DE GRAAF: I mean, our mandate is to regulate for Europe. We don’t regulate for the world. Even though some of the companies are outside of the European Union, they target the European Union, and therefore they are within scope. When we were kind of making the proposals, and when they were regulated, we were mindful of the kind of—at least, say, the—that the DSA, the DMA could become a reference point for other countries around the world.

And I think if you look at it rather broadly, you see three models, particularly in terms of, like, the regulating the internet. Less so for kind of the DMA. And one model is the Chinese, Russian, Turkey model, which is a very repressive model. It’s a very kind of authoritarian model. You have the European model.
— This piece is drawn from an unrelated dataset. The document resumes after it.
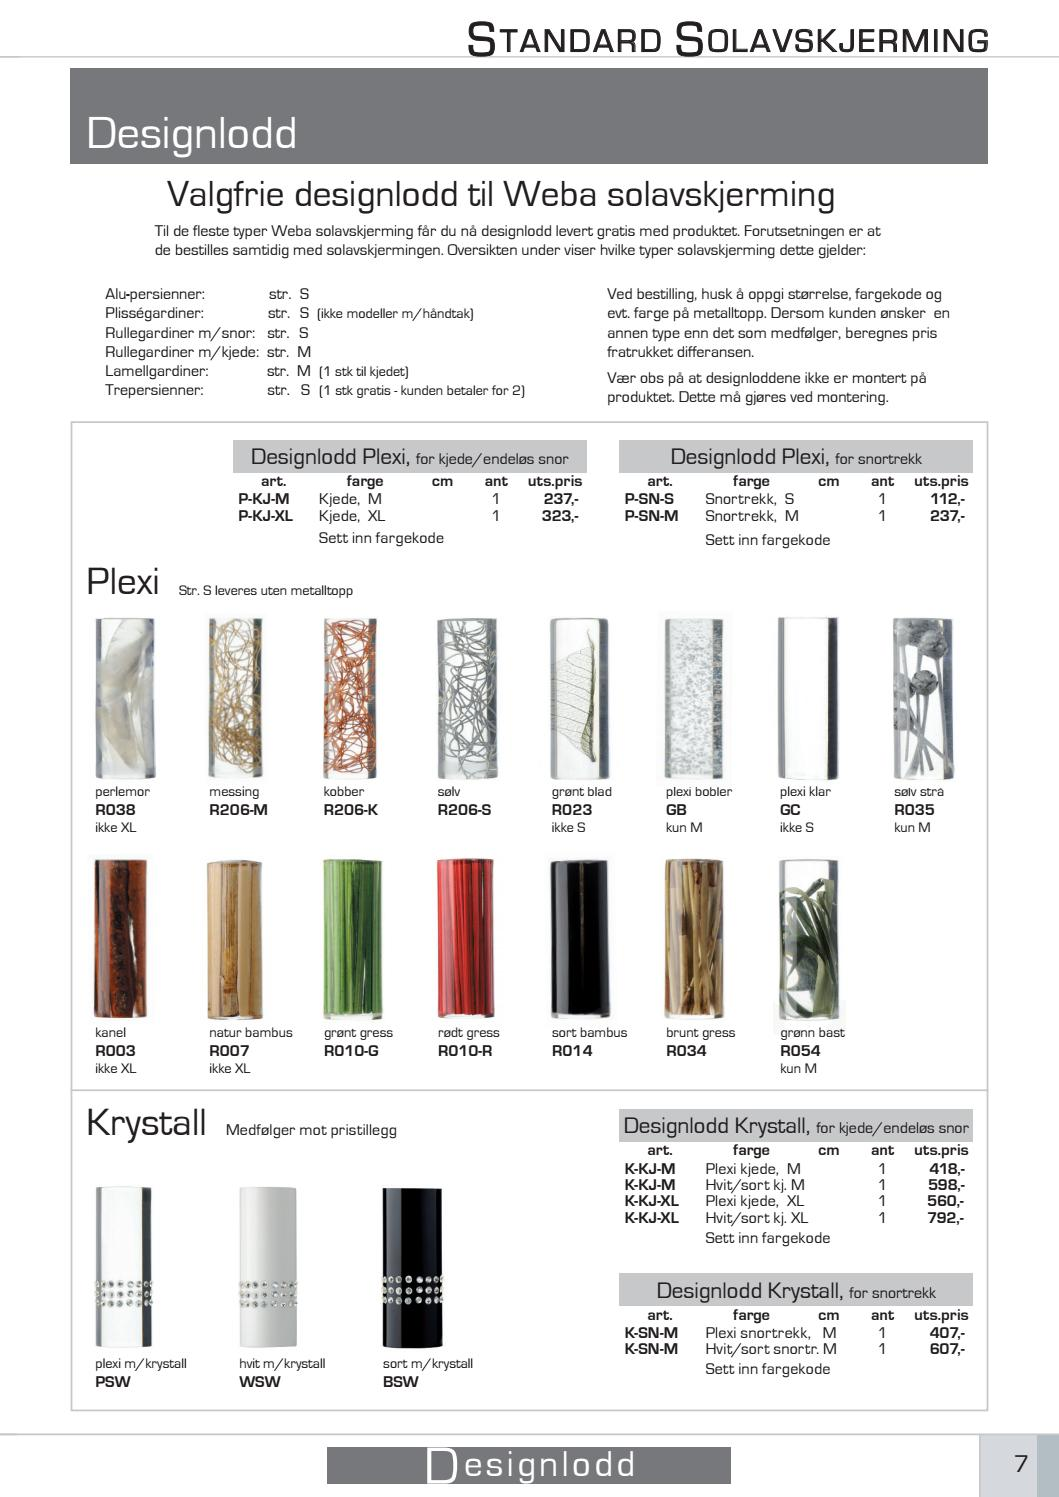 ae256df3 Standard Solavskjerming 2016 Katalog by Gasta design - issuu
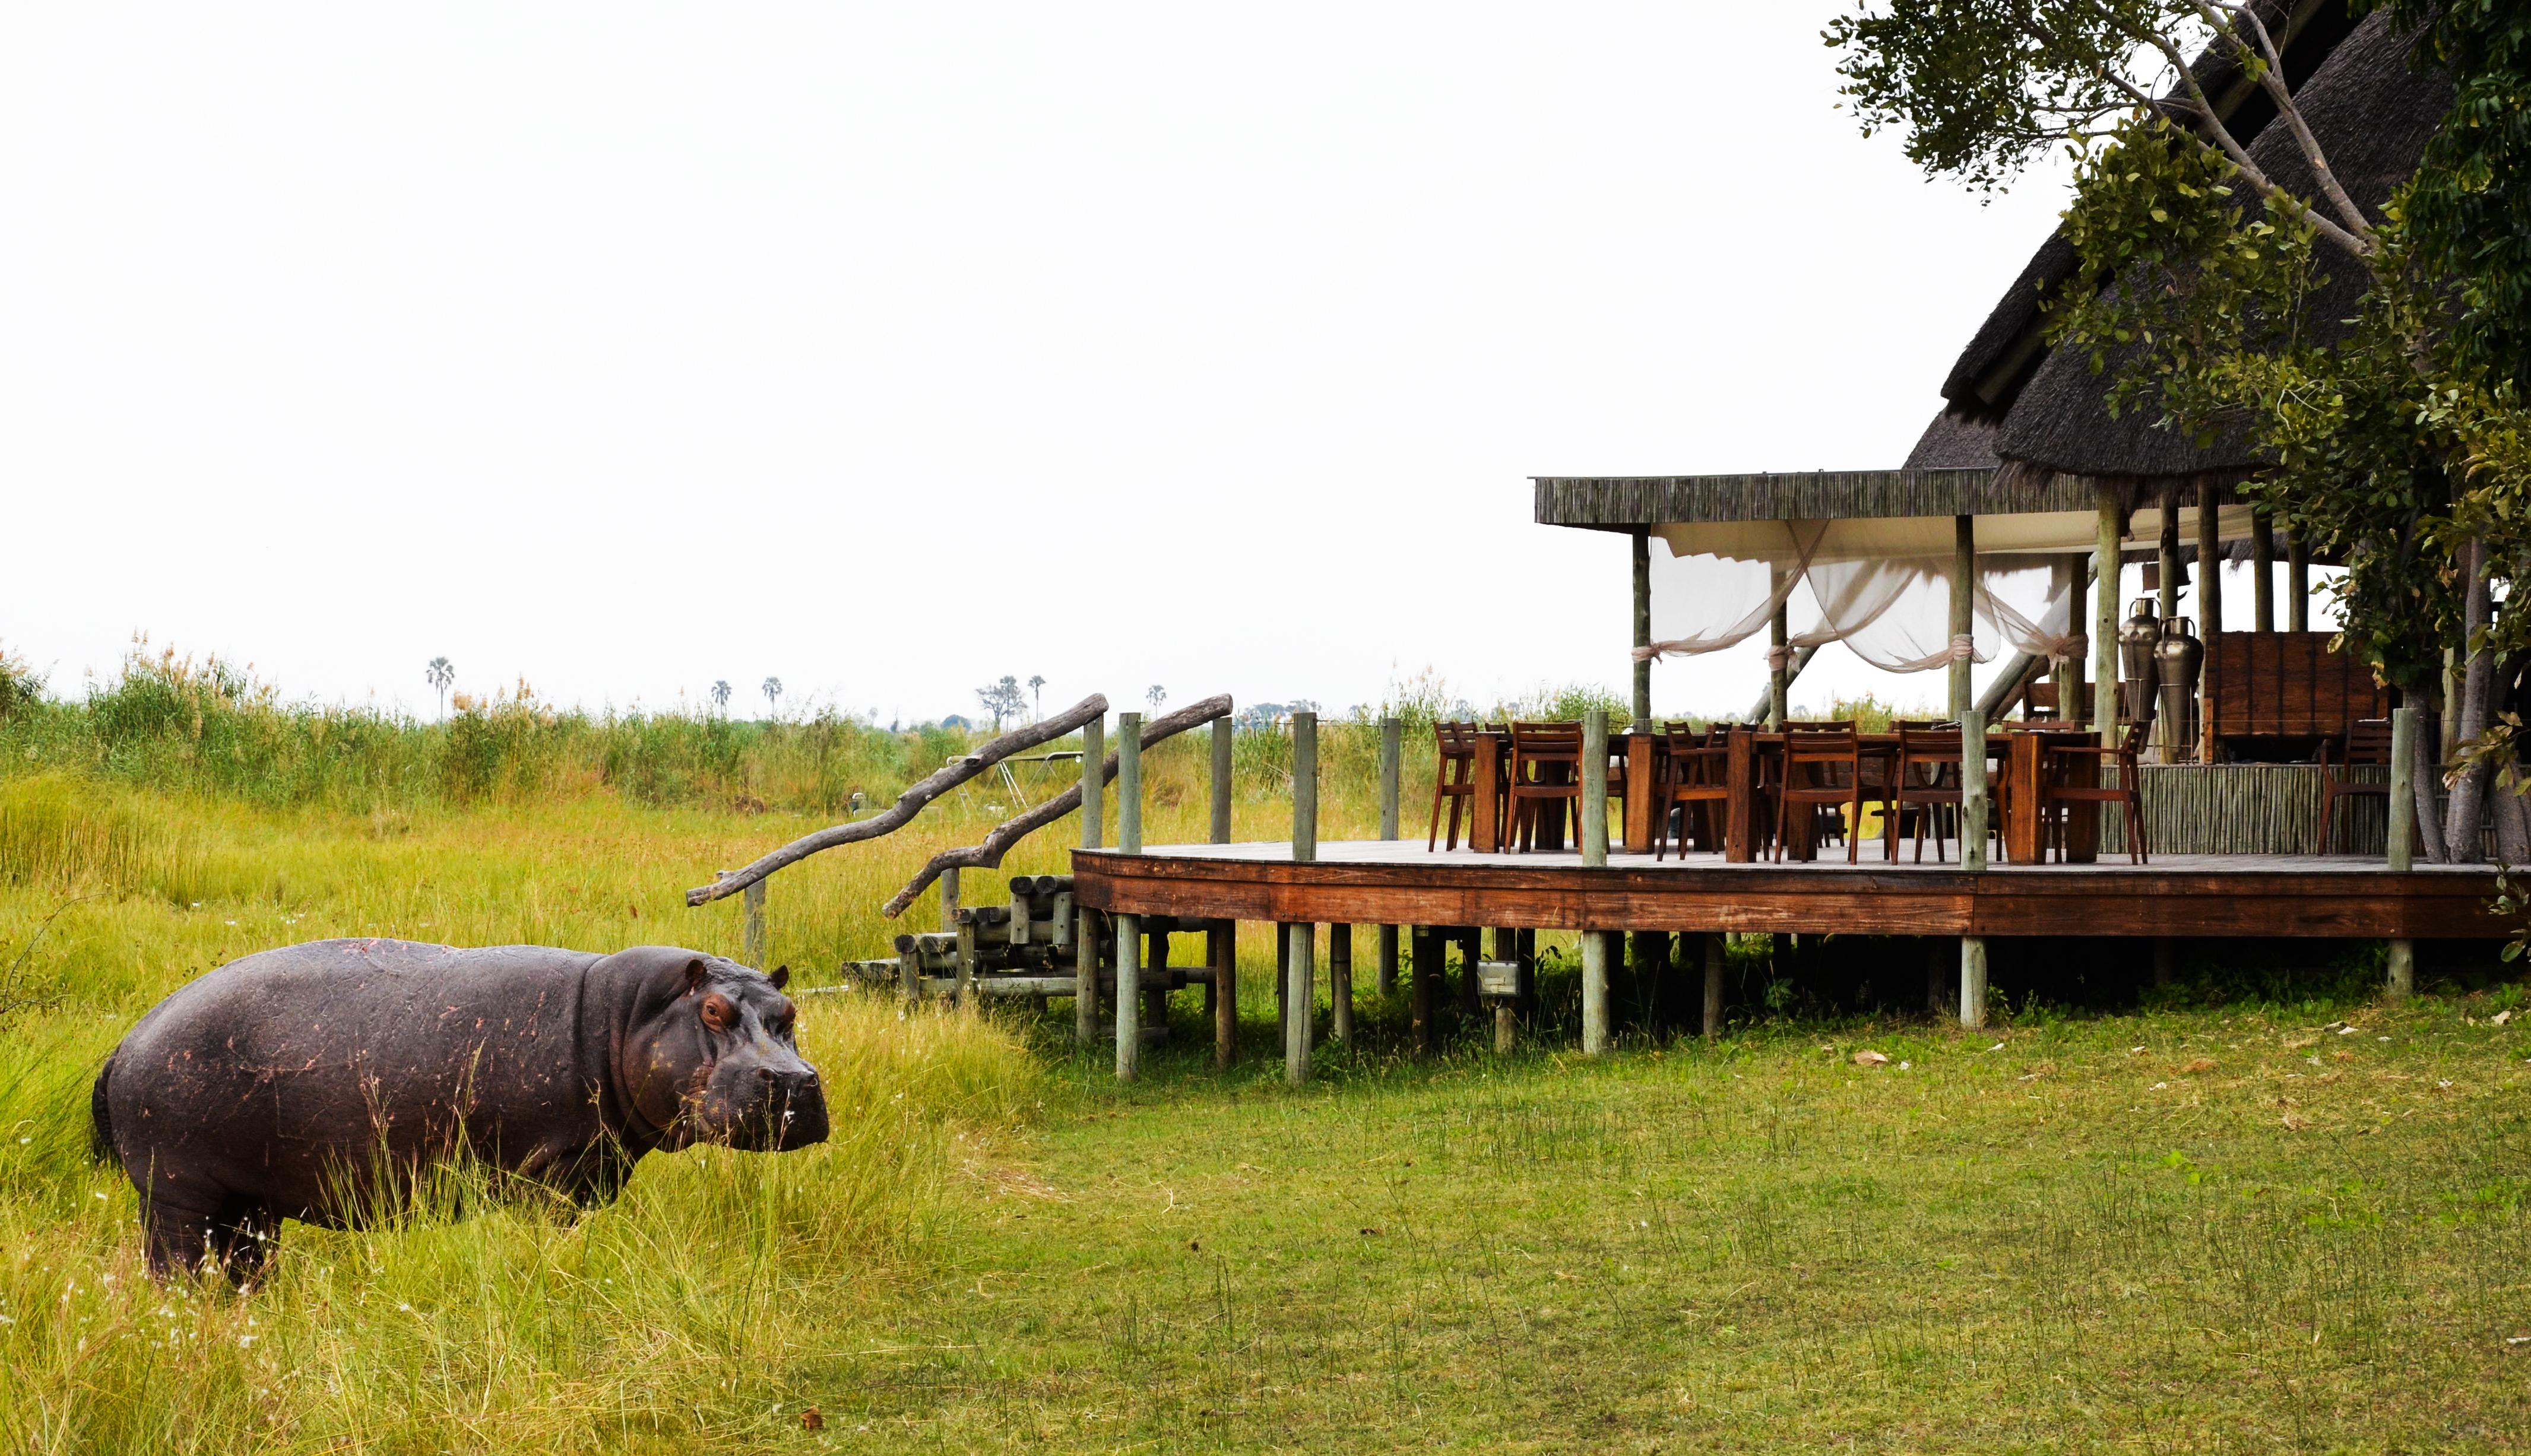 Selinda Camp Botswana Exterior Hippo

And then you have a model which hopefully will be changing, but of course that depends on kind of political developments, which is a laissez-faire model, which is the US model, at least until quite recently.

We think that, as Prabhat said, there’s a lot of countries—we’ve been approached very, very intensively by countries around the world who want to know and ask many of the questions that no doubt cross your mind. Why this? Why not that? Et cetera. So we are spending a lot of time on explaining, because these countries are also looking to regulate or looking to legislate. So they’re looking for a source of inspiration. I mean, we have therefore also a very important responsibility to make sure that it works, that it can work. So the implementation is going to be very critical.

But we will want to offer, I think, as democratic societies and we work a lot with the US in the TTC. And the problem analysis I think is shared. We will need to offer too, as democratic societies, an attractive alternative to those countries who kind of—either are already implementing kind of repressive policies like China and Russia, but there’s a lot of countries who are, like, on the fence, who in the next, say, couple of months and years are going to decide which type of regulatory model are we going to join? Is it the Chinese, Russian, Turkish model? Or is like the European model? And hopefully which will kind of—more kind of interventions on the US side. I think that is the key question for the next couple of years. And if that’s called the Brussels effect, it’s fine for us.

KATE KLONICK: Thank you so much. This was—this was fast, but wonderful. And I think that we got to do kind of a very high-level kind of understanding of both the role of the drafting and the multistakeholder nature of it, the multistakeholder nature of implementation. And we will see where the DSA is next year, hopefully. Thank you.